Linear algebra reference

07 August 2025
linear algebra

Linear algebra entails vector spaces, linear transformations and representations through matrices and systems of linear equations.

The most basic object in linear algebra is the vector. A vector in an $n$ -dimensional space is an ordered collection of $n$ elements represented as a column.

$v = (\begin{matrix} v_{1} \\ v_{2} \\ ⋮ \\ v_{n} \end{matrix})$

Vectors can be added component-wise. For vectors $u$ and $v$ of the same dimension, their sum follows.

$u + v = (\begin{matrix} u_{1} + v_{1} \\ u_{2} + v_{2} \\ ⋮ \\ u_{n} + v_{n} \end{matrix})$

Scalar multiplication scales each component of a vector by a scalar value $c$ .

$c v = (\begin{matrix} c v_{1} \\ c v_{2} \\ ⋮ \\ c v_{n} \end{matrix})$

These operations satisfy some algebraic properties. Addition is commutative and associative. Scalar multiplication distributes over vector addition and scalar addition.

$u + v = v + u$

$u + (v + w) = (u + v) + w$

$c (u + v) = c u + c v$

$(c + d) v = c v + d v$

The zero vector $0$ consists of all zero components and represents the additive identity for vectors.

$v + 0 = v$

Every vector $v$ has an additive inverse $- v$ such that their sum equals the zero vector.

$v + (- v) = 0$

A vector space is a set of vectors that is closed under addition and scalar multiplication. Real coordinate space $R^{n}$ is the prototypical example of an $n$ -dimensional vector space.
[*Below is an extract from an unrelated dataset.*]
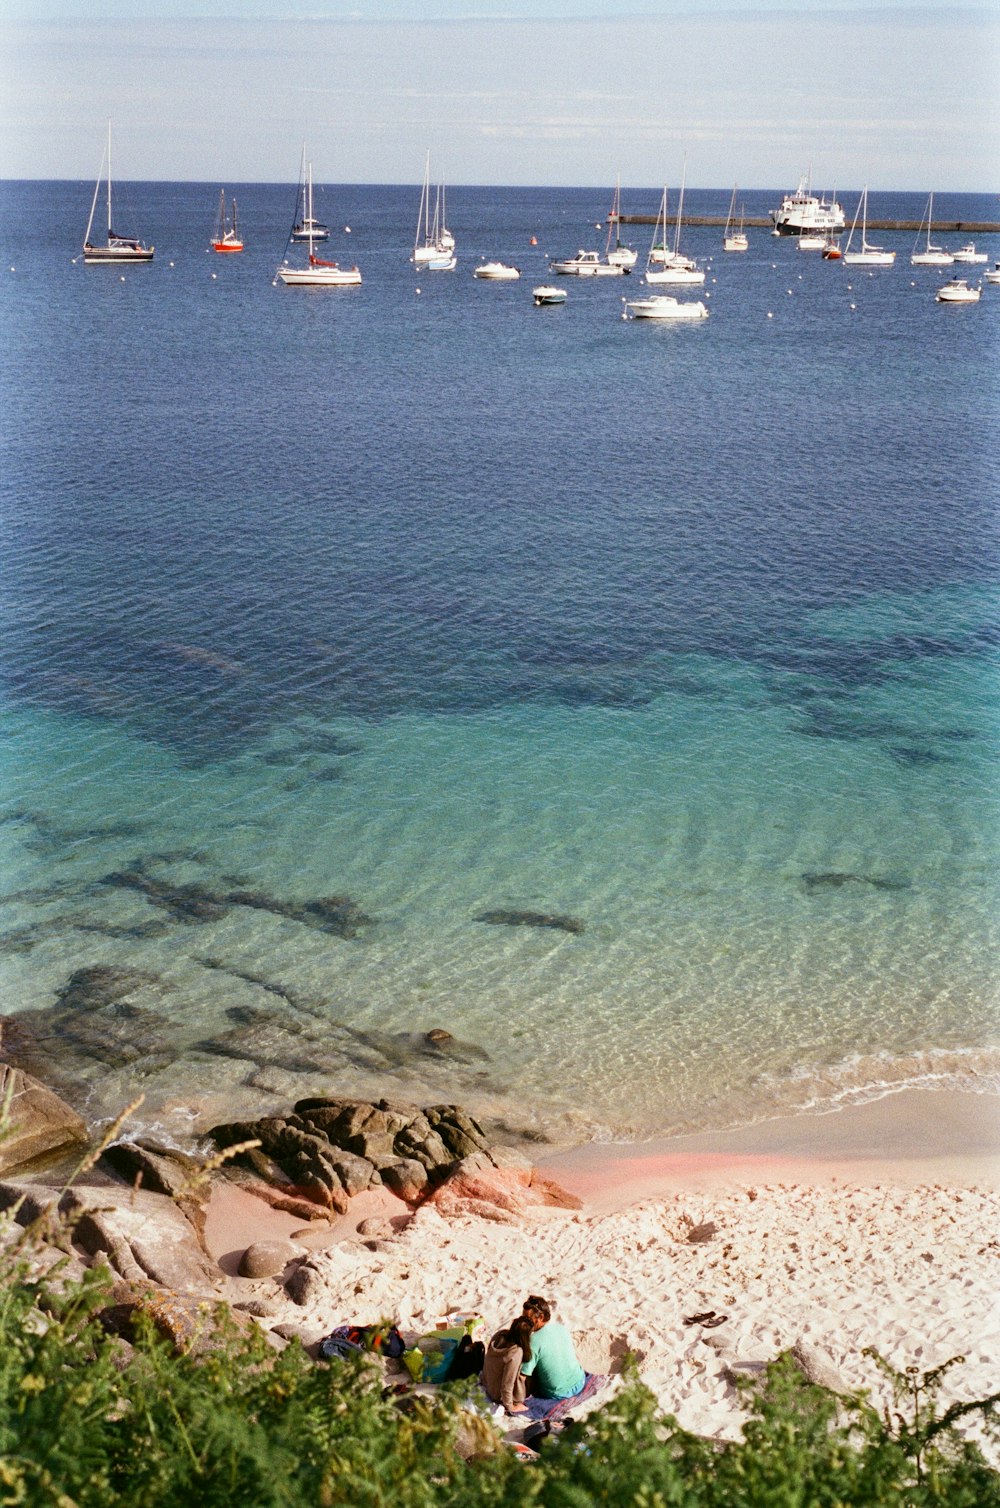 Un groupe de personnes assises sur une plage rocheuse avec des bateaux dans l’eau

Vectors $v_{1}, v_{2}, \dots, v_{k}$ are linearly independent if the following relation has only the trivial solution $c_{1} = c_{2} = \dots = c_{k} = 0$ .
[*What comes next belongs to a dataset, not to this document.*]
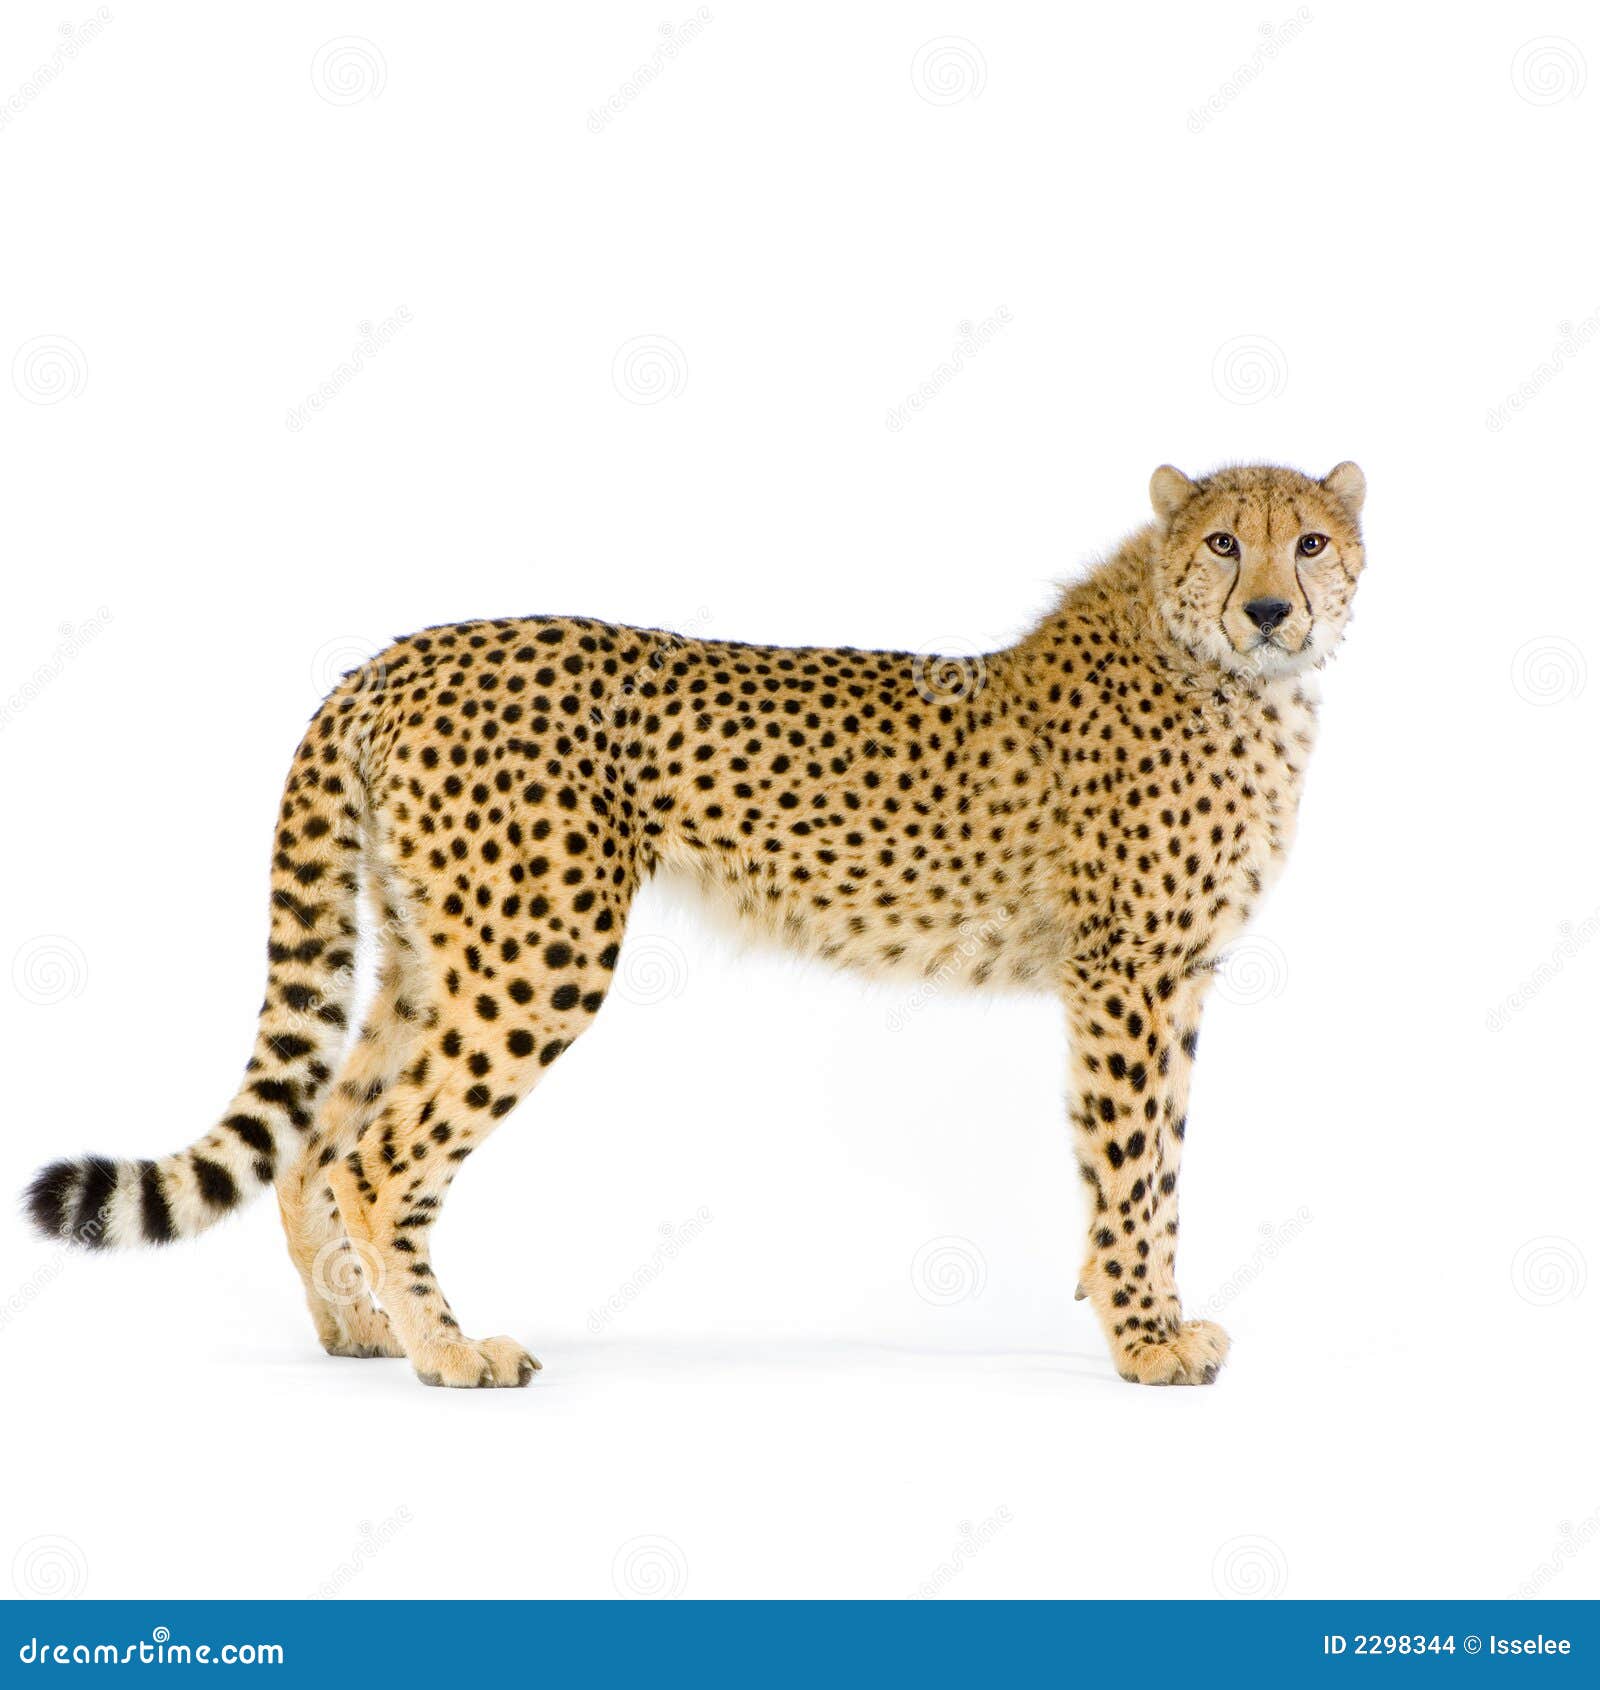 cheetah standing up

$c_{1} v_{1} + c_{2} v_{2} + \dots + c_{k} v_{k} = 0$

If there exists a non-trivial solution, the vectors are linearly dependent, implying that at least one vector can be expressed as a linear combination of the others.

The span of a set of vectors $v_{1}, v_{2}, \dots, v_{k}$ consists of all possible linear combinations of these vectors.
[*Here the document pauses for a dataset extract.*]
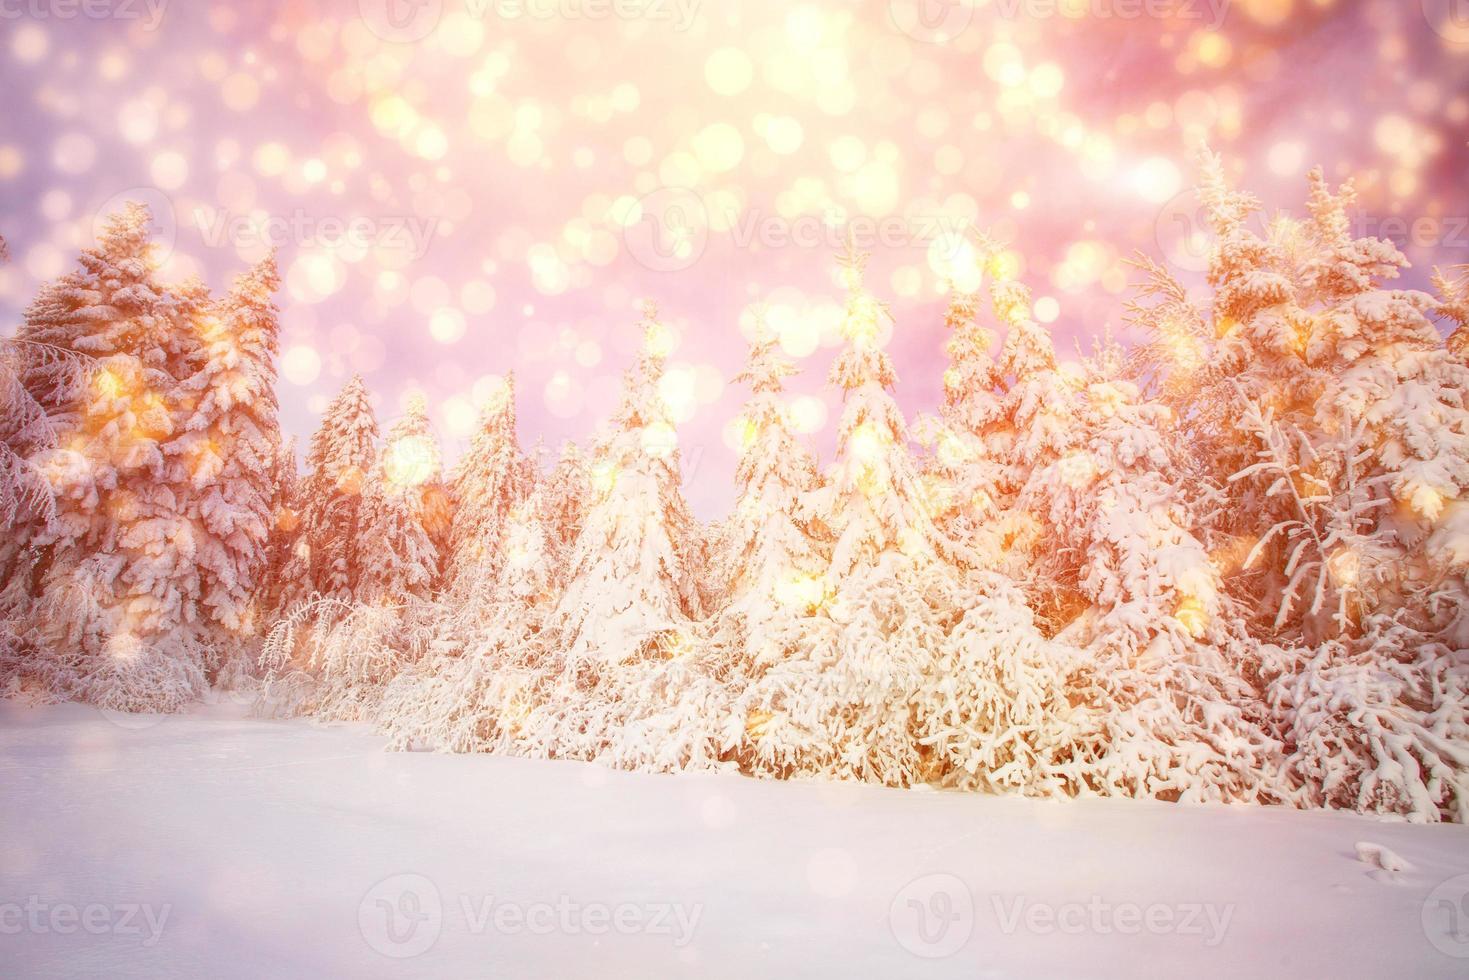 paesaggio invernale alberi innevati, sfondo bokeh con fiocco di neve foto

$span (v_{1}, v_{2}, \dots, v_{k}) = c_{1} v_{1} + c_{2} v_{2} + \dots + c_{k} v_{k} : c_{1}, c_{2}, \dots, c_{k} \in R$

A basis for a vector space is a linearly independent set of vectors that spans the entire space. Every vector in the space can be uniquely expressed as a linear combination of basis vectors.

The dimension of a vector space equals the number of vectors in any basis for that space. For instance, $R^{n}$ has dimension n.

The standard basis for $R^{n}$ consists of $n$ vectors, each with a single 1 and zeros elsewhere.

$e_{1} = (\begin{matrix} 1 \\ 0 \\ ⋮ \\ 0 \end{matrix}), e_{2} = (\begin{matrix} 0 \\ 1 \\ ⋮ \\ 0 \end{matrix}), \dots, e_{n} = (\begin{matrix} 0 \\ 0 \\ ⋮ \\ 1 \end{matrix})$

The dot product (inner product) of two vectors $u$ and $v$ in $R^{n}$ is defined as follows.

$u \cdot v = u_{1} v_{1} + u_{2} v_{2} + \dots + u_{n} v_{n} = \sum_{i = 1}^{n} u_{i} v_{i}$

The dot product is commutative and distributive over addition. It also satisfies these scaling properties.

$u \cdot v = v \cdot u$

$u \cdot (v + w) = u \cdot v + u \cdot w$

$(c u) \cdot v = c (u \cdot v) = u \cdot (c v)$

It let's us define the norm (i.e. length) of a vector. The Euclidean norm of vector $v$ is calculated using this formula.

$| v | = \sqrt{v \cdot v} = \sqrt{v_{1}^{2} + v_{2}^{2} + \dots + v_{n}^{2}}$

Two vectors are orthogonal if their dot product equals zero. A set of vectors is orthogonal if every pair of distinct vectors in the set is orthogonal.

$u \cdot v = 0$

An orthogonal set of nonzero vectors is automatically linearly independent. An orthogonal basis greatly simplifies many calculations in linear algebra.

A vector can be normalized by dividing it by its norm, resulting in a unit vector pointing in the same direction.

$\hat{v} = \frac{v}{| v |}$

The angle between two nonzero vectors $u$ and $v$ can be calculated using the dot product.

$\cos θ = \frac{u \cdot v}{| u |, | v |}$

The Cauchy-Schwarz inequality establishes an upper bound for the dot product.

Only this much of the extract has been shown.